NC: The first roles were really generalists. I needed an extra pair of hands. The very first hire I made was someone who's actually still with us today and she came out of the NYU food studies program to help me set up for different tasting events. I needed someone to be my partner in those events and she was ready, willing, and able to do anything and everything.
WeWork Labs: What recruiting strategies did you use in the early days?
NC: I tried to post in affinity groups, so I went to a lot of food networking events and through that would meet people who would share within their networks. Food+Tech Connect was just starting at that time, too, and as soon as they started job postings, I posted with them. By year three or so, I started to really think about what I wanted from more of an operational skill set so I worked with and posted jobs with schools with MBA programs that really promoted entrepreneurship like Stanford, Wharton, Columbia, and Harvard. I was filtering for passion, mission, and skill set.
WeWork Labs: How were you selling Splendid Spoon to these graduates who, based on the schools they went to, probably had a lot of job options?
NC: One thing was market opportunity. At the time, the health and wellness space and direct-to-consumer food were just starting to pick up steam and get more investments. There had been a couple interesting exits in the wellness space and I always saw that as a way to market myself and the business. All hiring conversations are essentially pitch meetings and I really leaned into that—the market opportunity, the timing of our product, and some of the signals from the market. I also leaned into my personal story, because you're going to be spending a lot of time with this hire, especially in the early days when it's just a couple of you, and you really want to make sure that the cultural fit is productive. Leaning into my own personal mission and the reason that I get out of bed in the morning and pushing them in interviews to tell me the same motivating factors for them was really important early on, too.

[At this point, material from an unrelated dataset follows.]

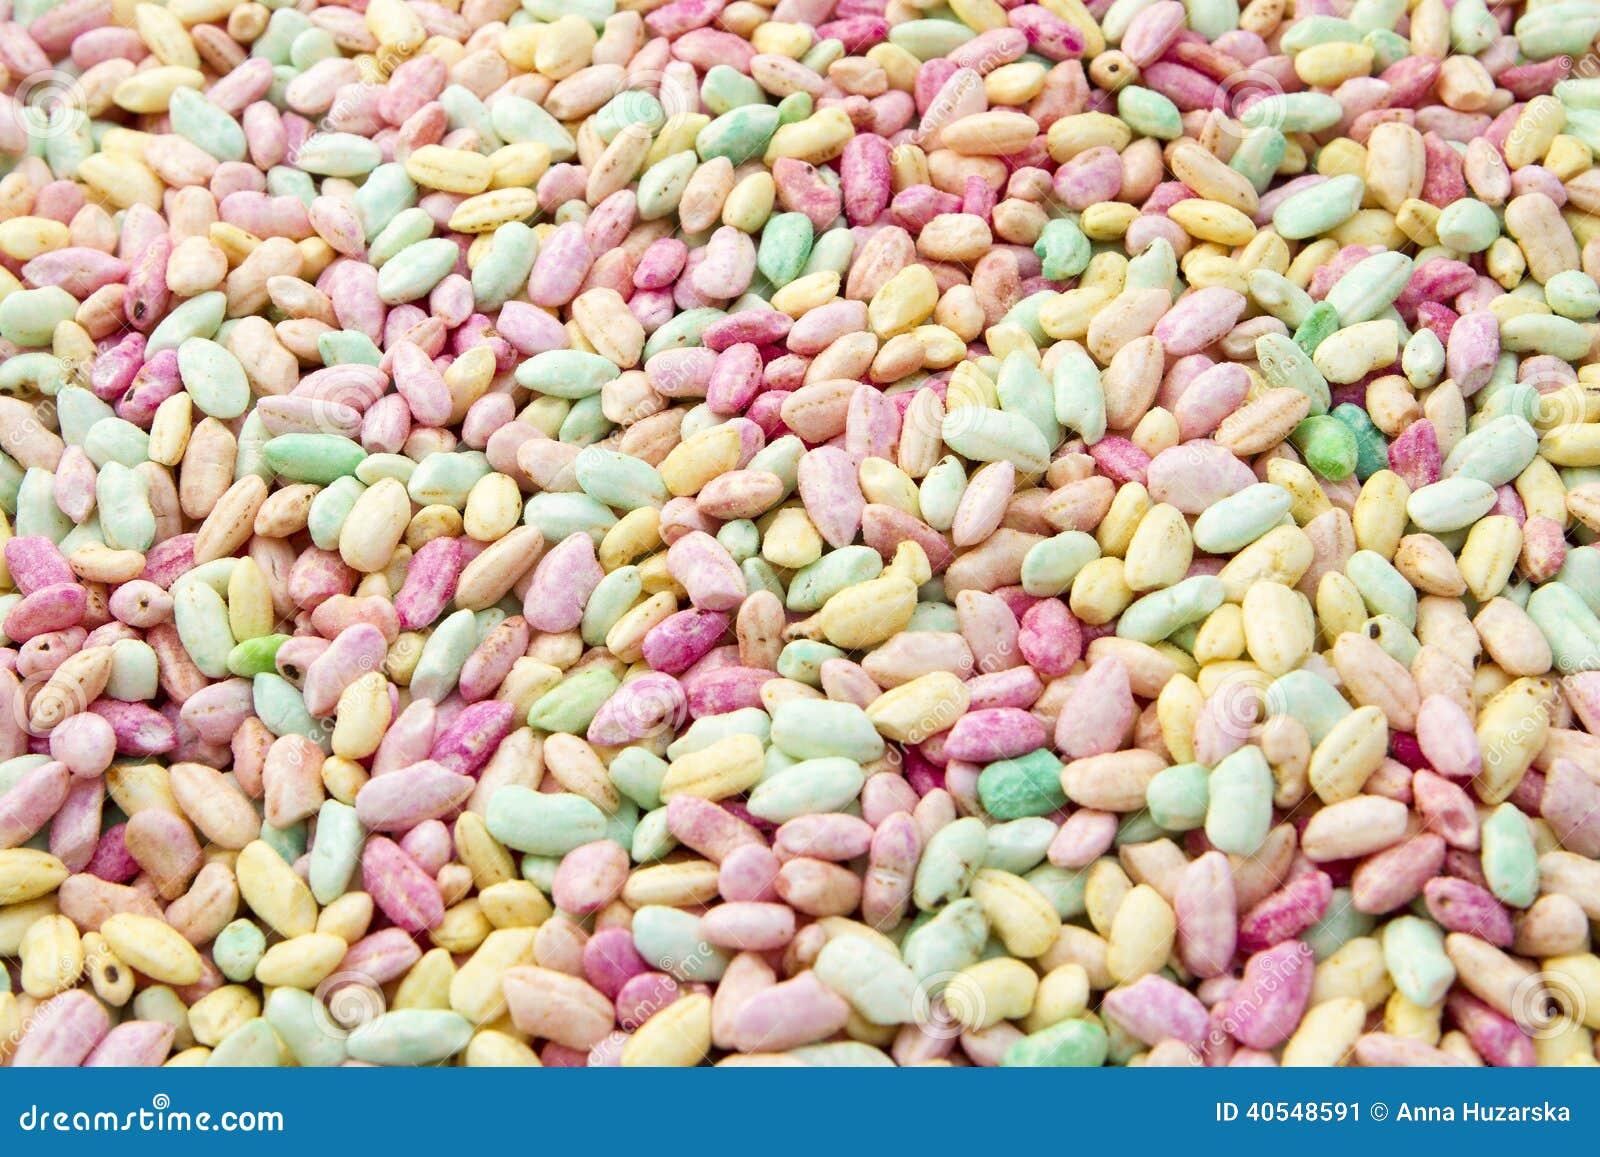 Arrozes tufados coloridos e doces

WeWork Labs: Did you have hiring experience prior to Splendid Spoon?
NC: My very first job out of school was actually as a recruiter. One of the biggest things I learned from that role is how emotional hires are. For the person being interviewed, especially, this is a life decision that people make. You're committing to something. Even if it ends up only working out for nine months to a year, it's where you go everyday. It's where you spend 90 percent of your time. It's a really big emotional decision as much as anything else. I think about that a lot when we're interviewing people, and especially as we get closer to the offer and we're really hoping that we're going to bring someone on. I'm usually the one reminding the team to ask about the commute, ask that person how they picture themselves in the office, ask that person what are some of the other things that you enjoy doing with your time? What are the things that challenge you outside of work? It’s is a stressful experience even if you're moving to your dream job because it's change and people have a hard time with change.
WeWork Labs: Have the traits you look for in new hires changed now that you’re a larger team?
NC: We have functional groups now, so we have skill sets that we require for certain jobs and we are specializing more and more. That's really important and that's new. I think early on it's motivation, hustle, and humility. Those are the three characteristics that we were filtering for. And then it starts to specialize and you start to look at ability.
WeWork Labs: What about the challenges of hiring?
NC: Early on there was almost this simplicity of not being able to offer people market-rate salaries because the pool was really small. We are still as driven by our mission as we were in the very early days, but now we're able to offer more competitive salaries and we've raised venture capital. That means the business has inherent value that people can research and figure out for themselves. And so I do find it a little more challenging to really understand that it's not just about passion anymore—it can't be once you get to a certain point. And that means you have to filter for really specific skill sets, for people who command certain rates in the market. It’s also just more noise, in a way, that you have to consider as you try to hone in on the right person.
WeWork Labs: Have you made any hiring mistakes along the way?
NC: I think that being late, whether it’s for an interview or during the first week of work, is a big red flag and I've overlooked it a couple of times. And every single time I've done that, it's come back to bite me. It’s not indicative of the same personnel problem other than the fact that it will not work out with that person.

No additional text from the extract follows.